我读到,我们应该只使用for循环进行计数,而while循环进行任何其他操作,而while循环也可以用于计数。
paragraph = """ The titled track “Heart Attack” does not interpret the
feelings of being in love in a serious way,
but with Chuu’s own adorable emoticon like ways. The music video has
references to historical and fictional
figures such as the artist Rene Magritte!!.... """
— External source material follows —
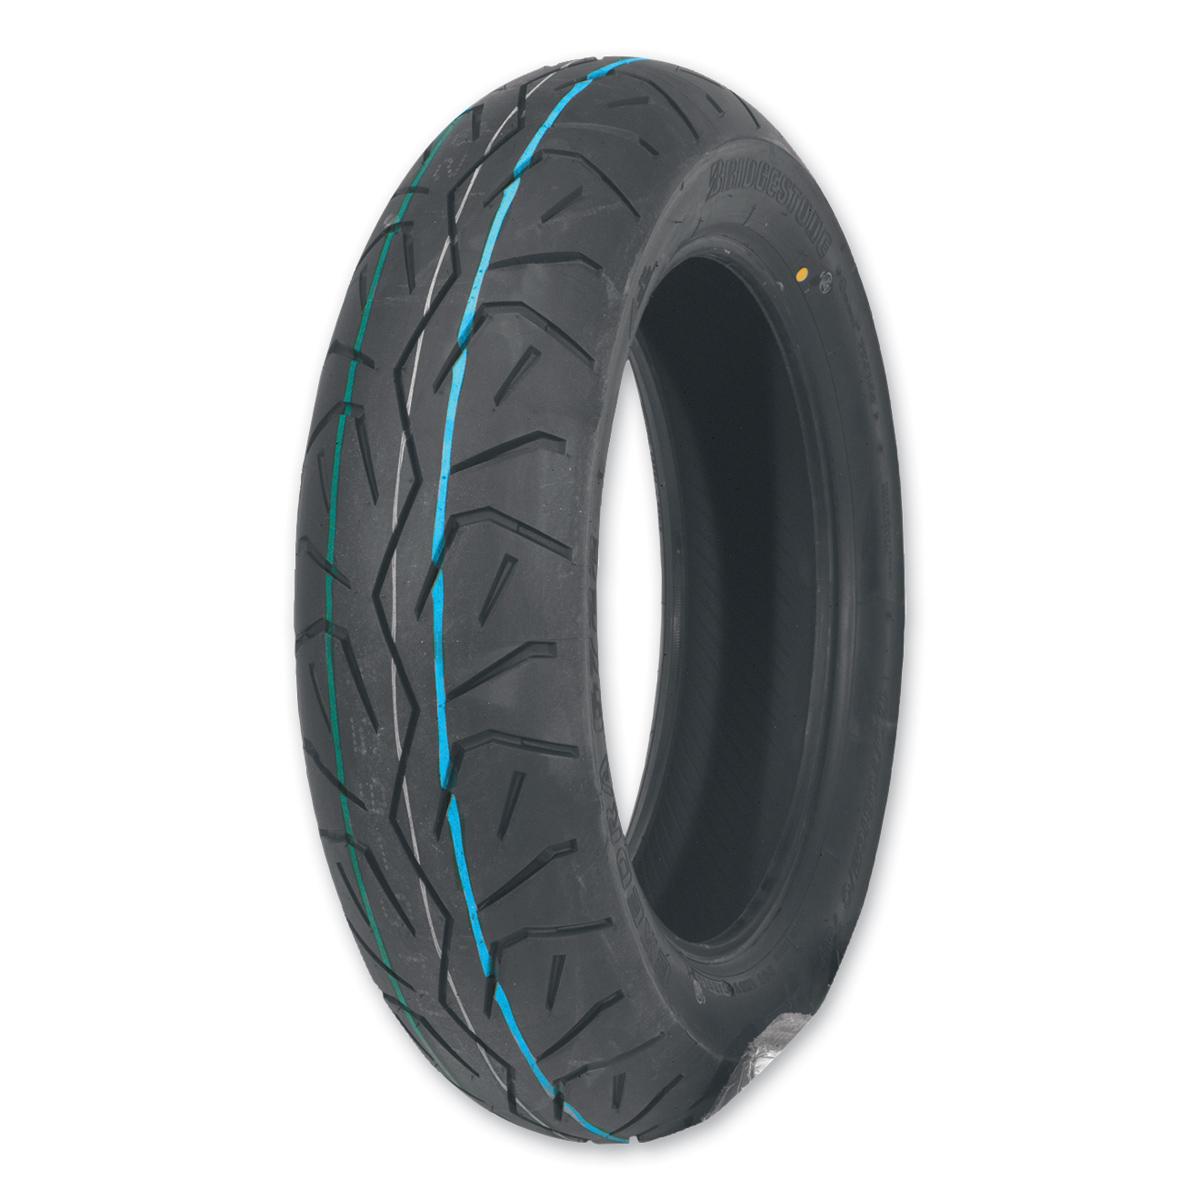 Bridgestone G722-G 180/70-15 Rear Tire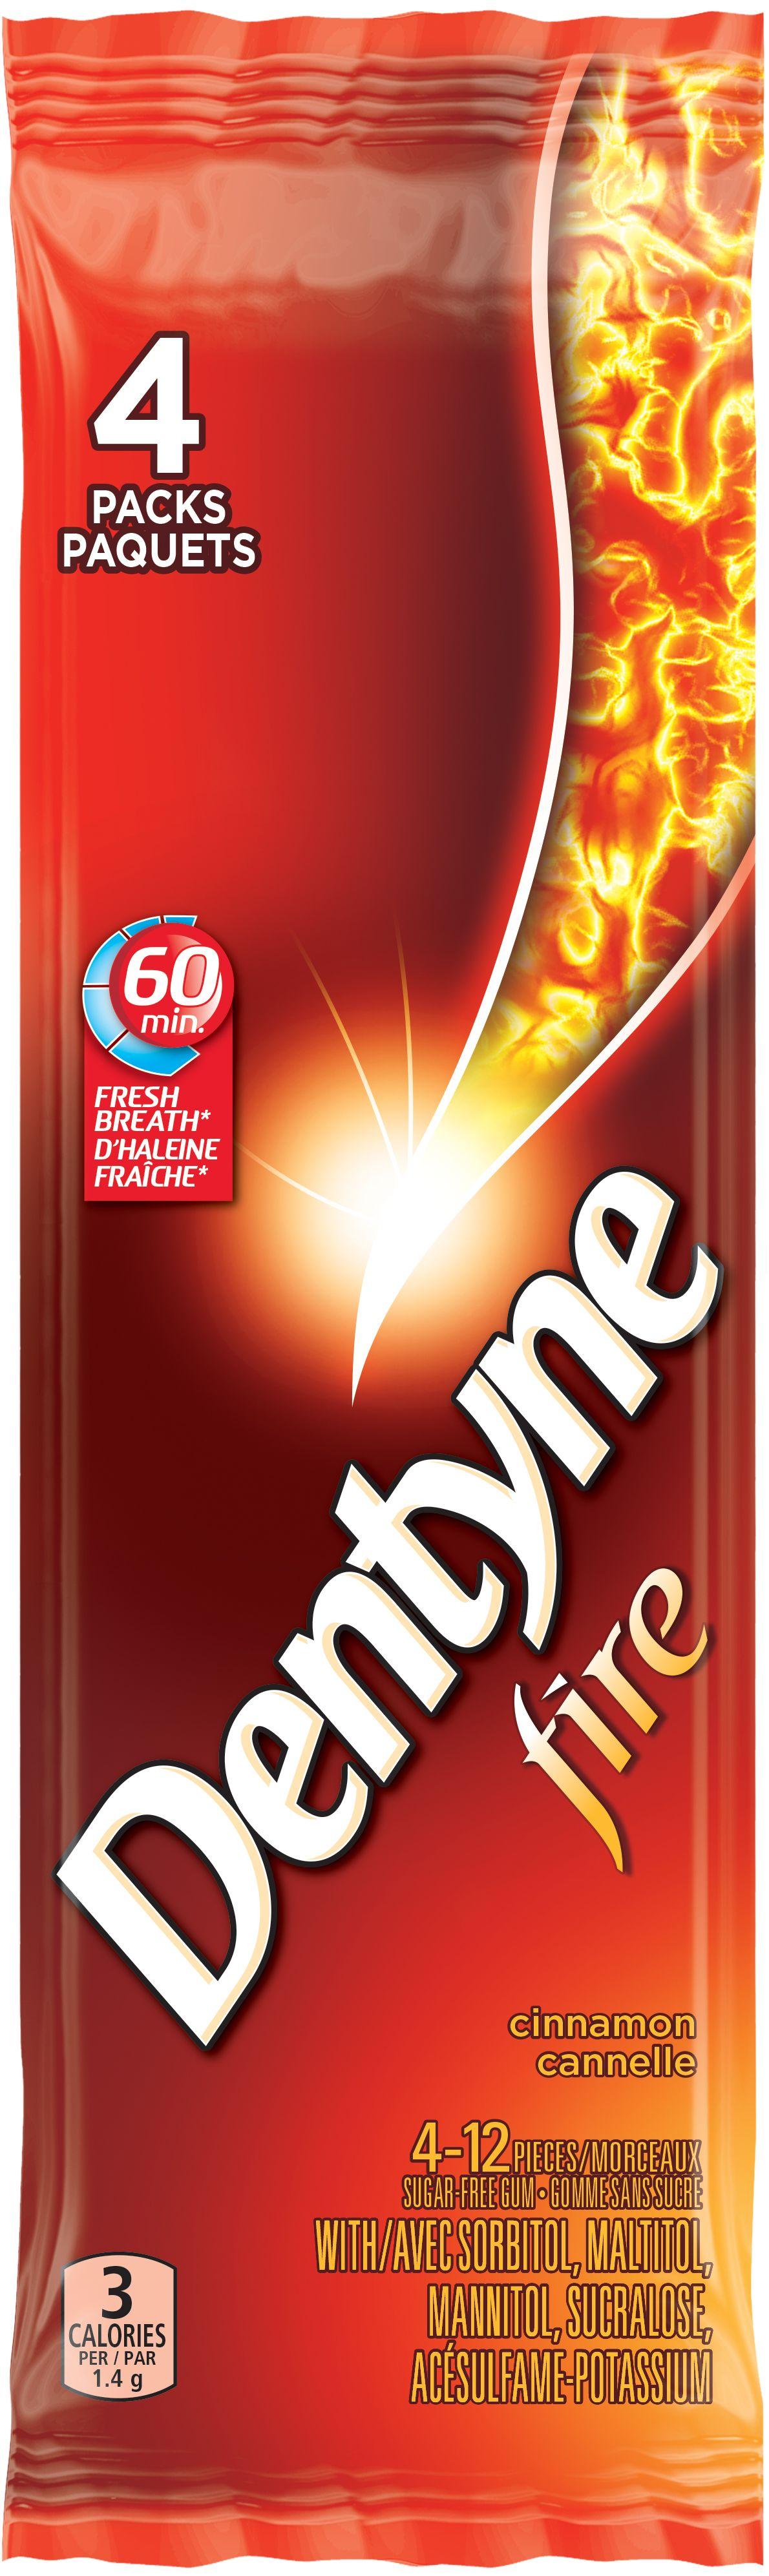 Dentyne Fire Cinnamon Gum 48 Count

for r in ((",", ""), ("!", ""), (".", ""), (" ", "")):
paragraph = paragraph.replace(*r)
paragraph_list = paragraph.split()
def count_words(word, word_list):
word_count = 0
for i in range(len(word_list)):
if word_list[i] == word:
word_count += 1
return word_count
def unique(word):
result = []
for f in word:
if f not in result:
result.append(f)
return result
unique_list = unique(paragraph_list)
It is better if you use re
and get
with a default value: 如果您使用的是更好的
re
和get
一个默认值:
paragraph = """ The titled track “Heart Attack” does not interpret the
feelings of being in love in a serious way,
but with Chuu’s own adorable emoticon like ways. The music video has
references to historical and fictional
figures such as the artist Rene Magritte!!.... c c c c c c c ccc"""
import re
word_count = {}
for w in re.split(' |,|“|”|!|\?|\.|\n', paragraph.lower()):
word_count[w] = word_count.get(w, 0) + 1
del word_count['']
for k, v in word_count.items():
print("The word {} appears {} time(s) in the paragraph".format(k, v))
Output: 输出:
The word the appears 4 time(s) in the paragraph
The word titled appears 1 time(s) in the paragraph
The word track appears 1 time(s) in the paragraph
...
It is discussible what to do with Chuu's
, I decided not to split in '
but you can add that later if you want. 与
Chuu's
关系是可以讨论Chuu's
,我决定不拆分为'
但是如果需要,您可以稍后添加。
Update: 更新:
The following line splits paragraph.lower()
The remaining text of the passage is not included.